Much of the groundwork of game theory was laid down, starting in 1928, by John von Neumann: mathematician, physicist, computer scientist, and engineer. Another important figure in the development of the field was the mathematician John Nash, who has been described as “one of the most original minds of the twentieth century” [2] and even got his own biographical movie while still alive: A Beautiful Mind. Nowadays, game theory is used in a broad range of both natural and social sciences, being especially important in economics, logic and computer science. However, the applications don’t end there! While we won’t delve into this now, there is even such a thing as quantum game theory which makes a direct link to quantum physics. Here, we will use game theory to understand why, in times of lockdown, you see people with more toilet paper packs than their bicycles can carry, even though collectively everyone would be better off by just buying the usual amount.

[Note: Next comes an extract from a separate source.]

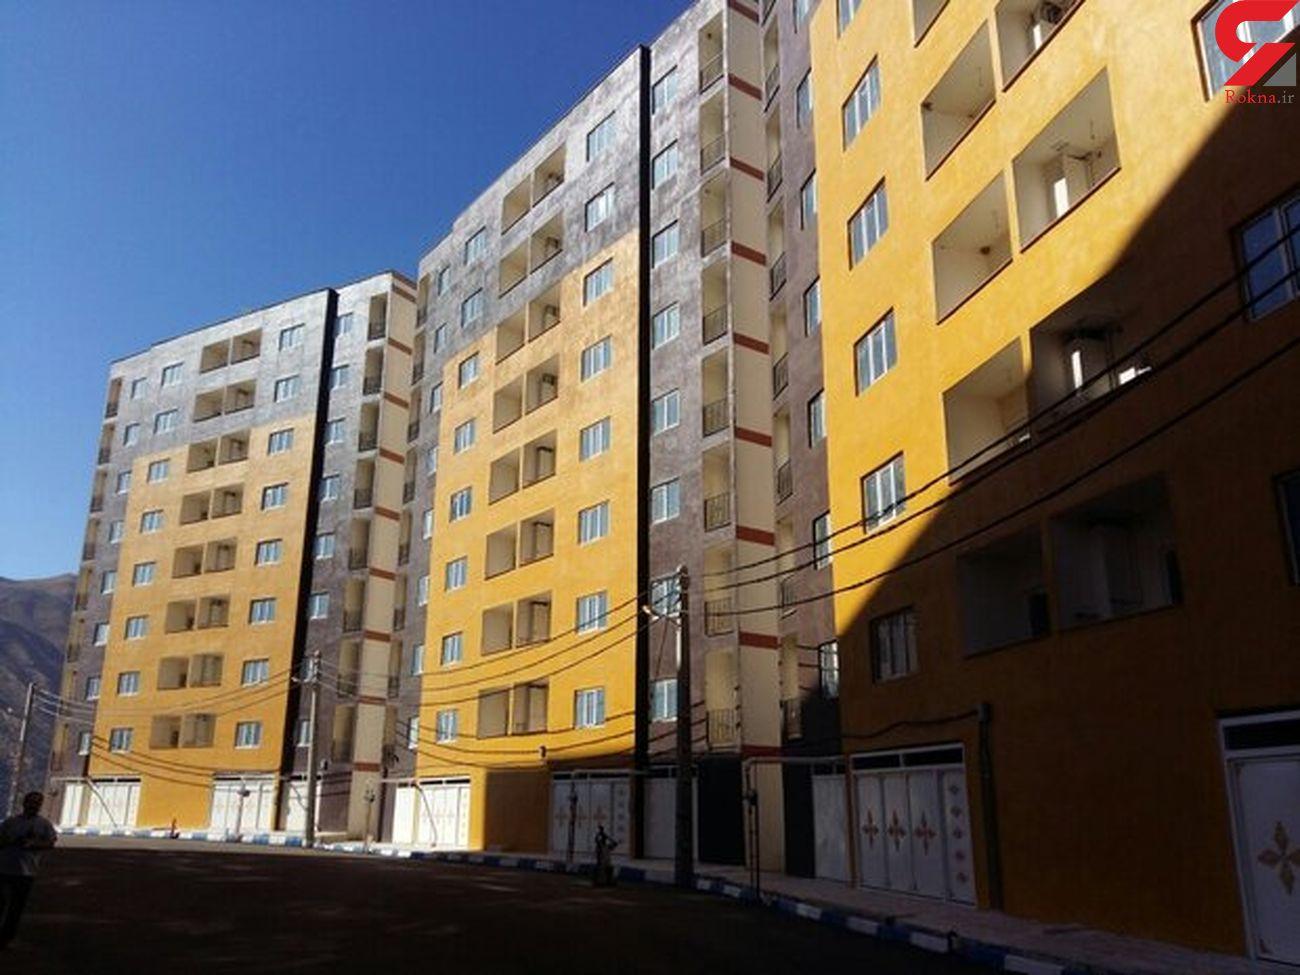 ساخت خانه های قوطی کبریتی با انبوهی از مشکلات در حاشیه شهرها    مسکن هایی بدون رفاه و امنیت

Figure 2. A beautiful mind.John Nash, one of the most notable contributors to game theory, got his own biographical film in 2001.

The rules of the game

To model the scenario we need the following assumptions:

  • The players in the game are “you” and “everyone else”. Or ‘players 1 and 2,’ for convenience.
  • The game starts when the lockdown is announced. All players receive the announcement at the same time.
  • Players want to have access to toilet paper (TP) for as long as possible. We define access by either having it at  home or being able to buy it from the supermarket, and we assume that players do not start with a stash of TP at home.
  • The key assumption is that the supermarket only has stock for people buying the usual amount. Therefore, if someone buys more than usual the others won’t have enough access.
  • Once the game starts, the players must make a choice between two options:
    (1) Go and buy as much TP as possible and hoard it at home (we will call this action H for Hoarding),
    (2) Just buy the usual amount, assuming they will be able to go back to the supermarket at some point to get more (we will call this action N for ‘Not hoarding’).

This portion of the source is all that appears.